Lp-PLA2 serum activity and MSG tissue mRNA/protein expression could be a new biomarker and possibly a novel therapeutic target for B-cell lymphoproliferation in the setting of SS.
B 细胞非霍奇金淋巴瘤(B-NHL)是原发性干燥综合征(SS)的主要并发症之一。先前有研究表明,SS 患者小唾液腺中的慢性炎症和巨噬细胞是淋巴瘤发展的重要预测因子。脂蛋白相关磷脂酶 A2(Lp-PLA2)-主要来源于组织巨噬细胞-与脂蛋白结合存在于循环中,先前与心血管疾病、自身免疫性疾病和恶性疾病(包括淋巴瘤)有关。
本研究旨在探讨 Lp-PLA2 在原发性 SS 中 B-NHL 发展中的作用。
通过液体闪烁计数器检测 [H]PAF 降解产物,检测 50 例无淋巴瘤原发性 SS 患者(SS-nL)、9 例原发性 SS 合并淋巴瘤患者(SS-L)和 42 例健康对照者(HC)血清样本中的 Lp-PLA2 活性。此外,还使用商业 ELISA 试剂盒检测了另外 50 例 SS-nL、28 例 SS-L 和 32 例 HC 的血清 Lp-PLA2 活性。通过实时 PCR、Western blot 和免疫组化分析 SS-nL、SS-L 患者和干燥综合征对照者(SC)小唾液腺(MSG)组织样本中的 Lp-PLA2 mRNA 和蛋白表达。

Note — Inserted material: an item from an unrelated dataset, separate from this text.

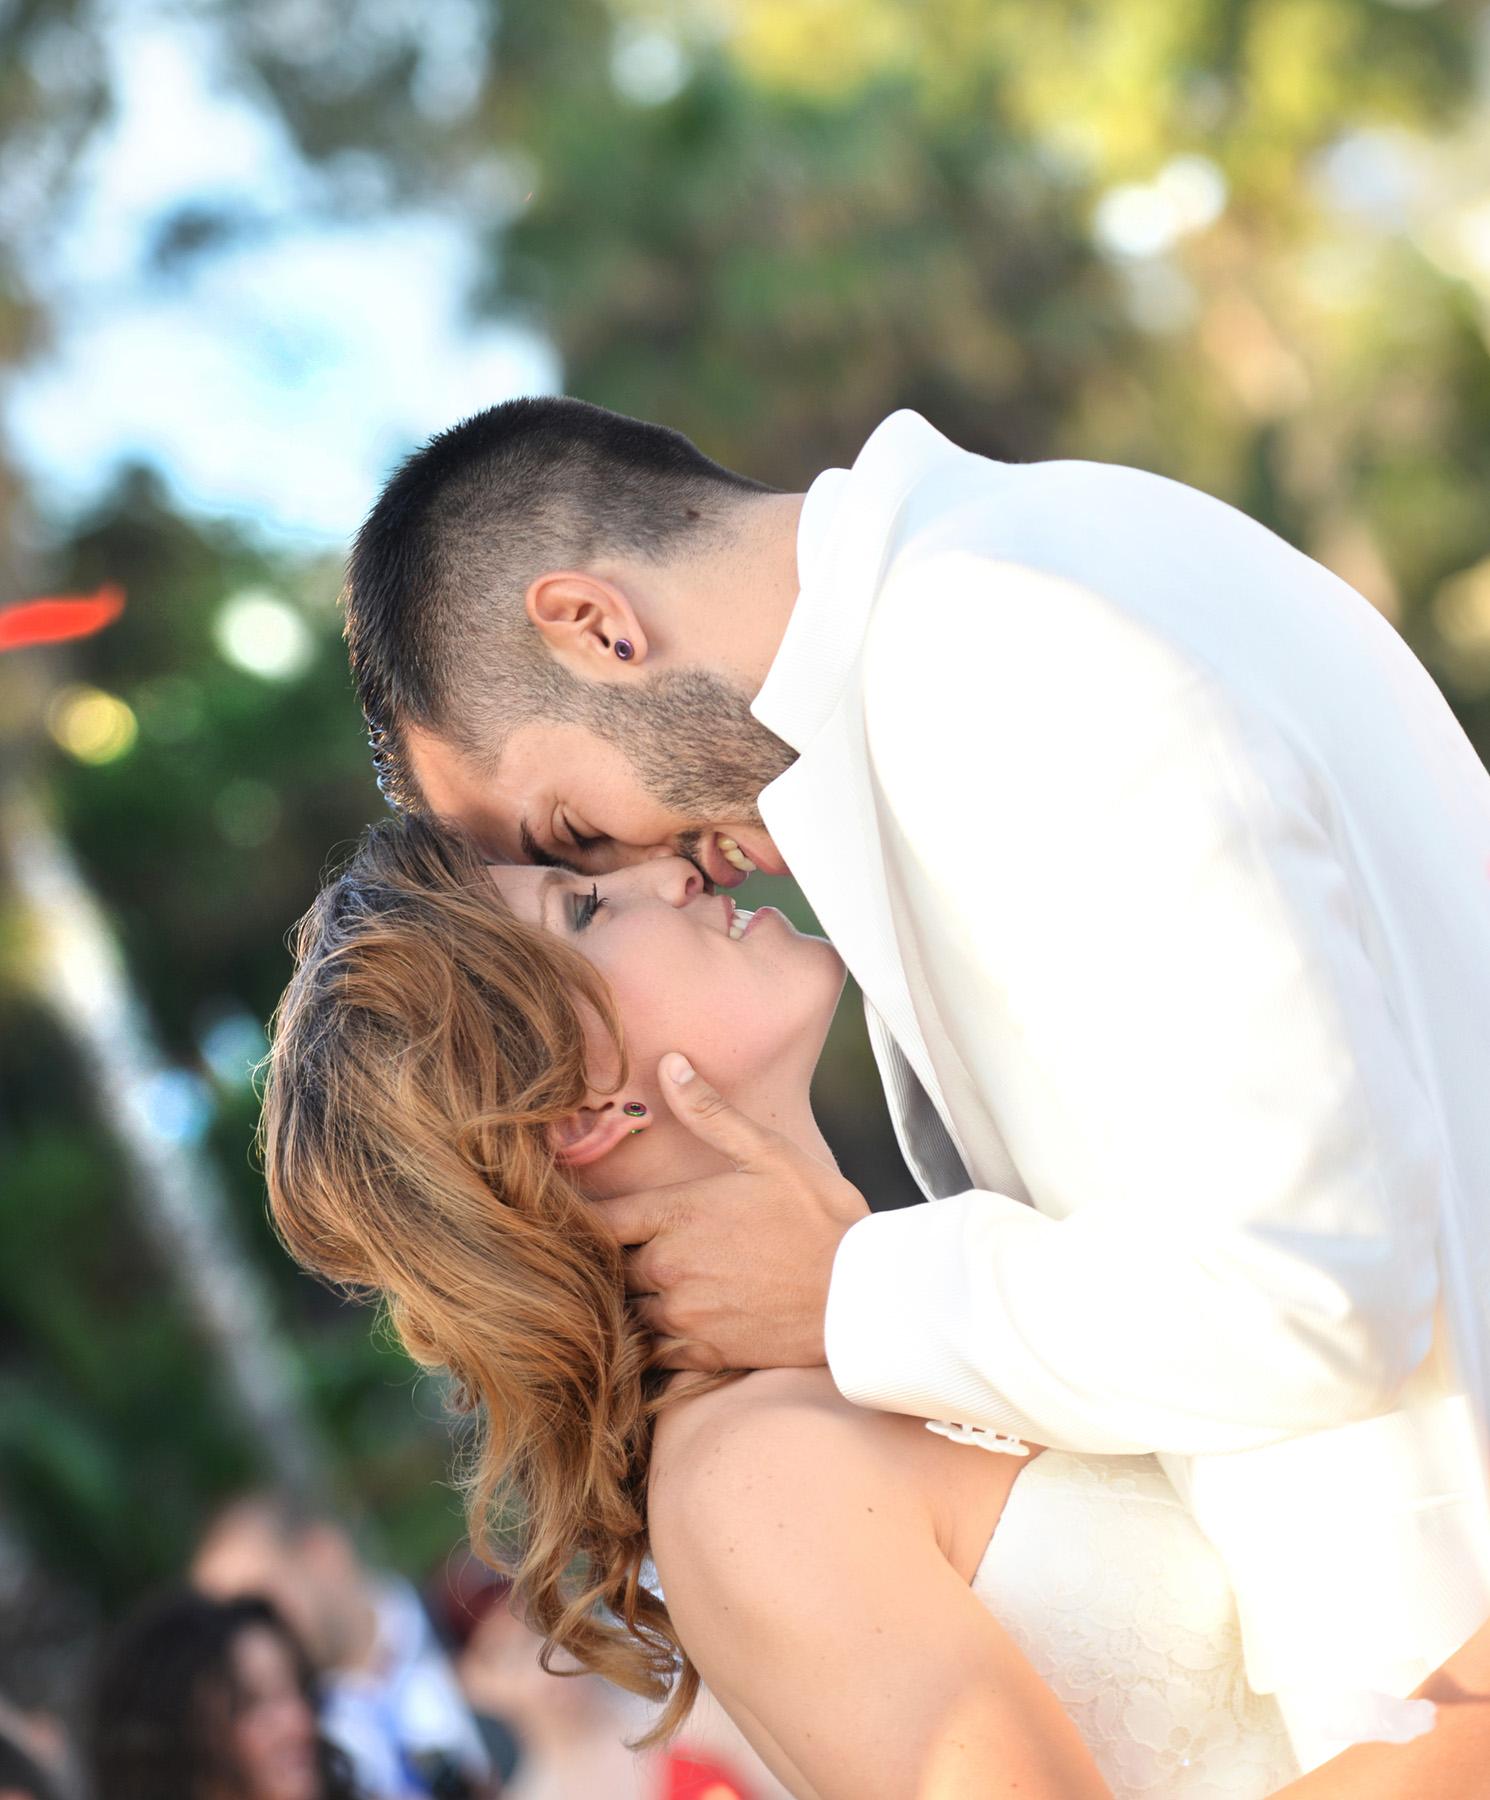 benalmadena fotografia de boda ceremonia en boda

两种独立方法检测到,SS-L 患者的血清 Lp-PLA2 活性明显高于 SS-nL 和 HC[平均±标准差(nmol/min/ml):62.0±13.4 47.6±14.4 50.7±16.6,p 值:0.003 和 0.04,分别,和 19.4±4.5 15.2±3.3 14.5±3.0,p 值:<0.0001,在两种比较中]。ROC 分析显示,通过放射免疫分析或 ELISA 测量的血清 Lp-PLA2 活性有可能区分 SS-L 和 SS-nL 患者(曲线下面积 [AUC]:0.8022,CI [95%]:0.64-0.96,p 值:0.004 放射免疫分析,和 AUC:0.7696,CI [95%]:0.66-0.88,p 值:<0.0001,用于 ELISA)。SS-L 患者的 MSG 组织中 Lp-PLA2 表达在 mRNA 和蛋白水平上也高于 SS-nL 和 SC。ROC 分析显示,MSG 组织中的 mRNA 和蛋白 Lp-PLA2 均有可能区分 SS-nL 和 SS-L 患者(AUC 值分别为 0.8490、CI [95%]:0.71-0.99、p 值:0.0019 和 0.9444、CI [95%]:0.79-1.00、p 值:0.0389)。SS-nL 和 HC 之间的血清 Lp-PLA2 活性或 MSG 组织表达无显著差异。
Lp-PLA2 血清活性和 MSG 组织 mRNA/蛋白表达可能是 SS 中 B 细胞淋巴增生的新生物标志物和潜在治疗靶点。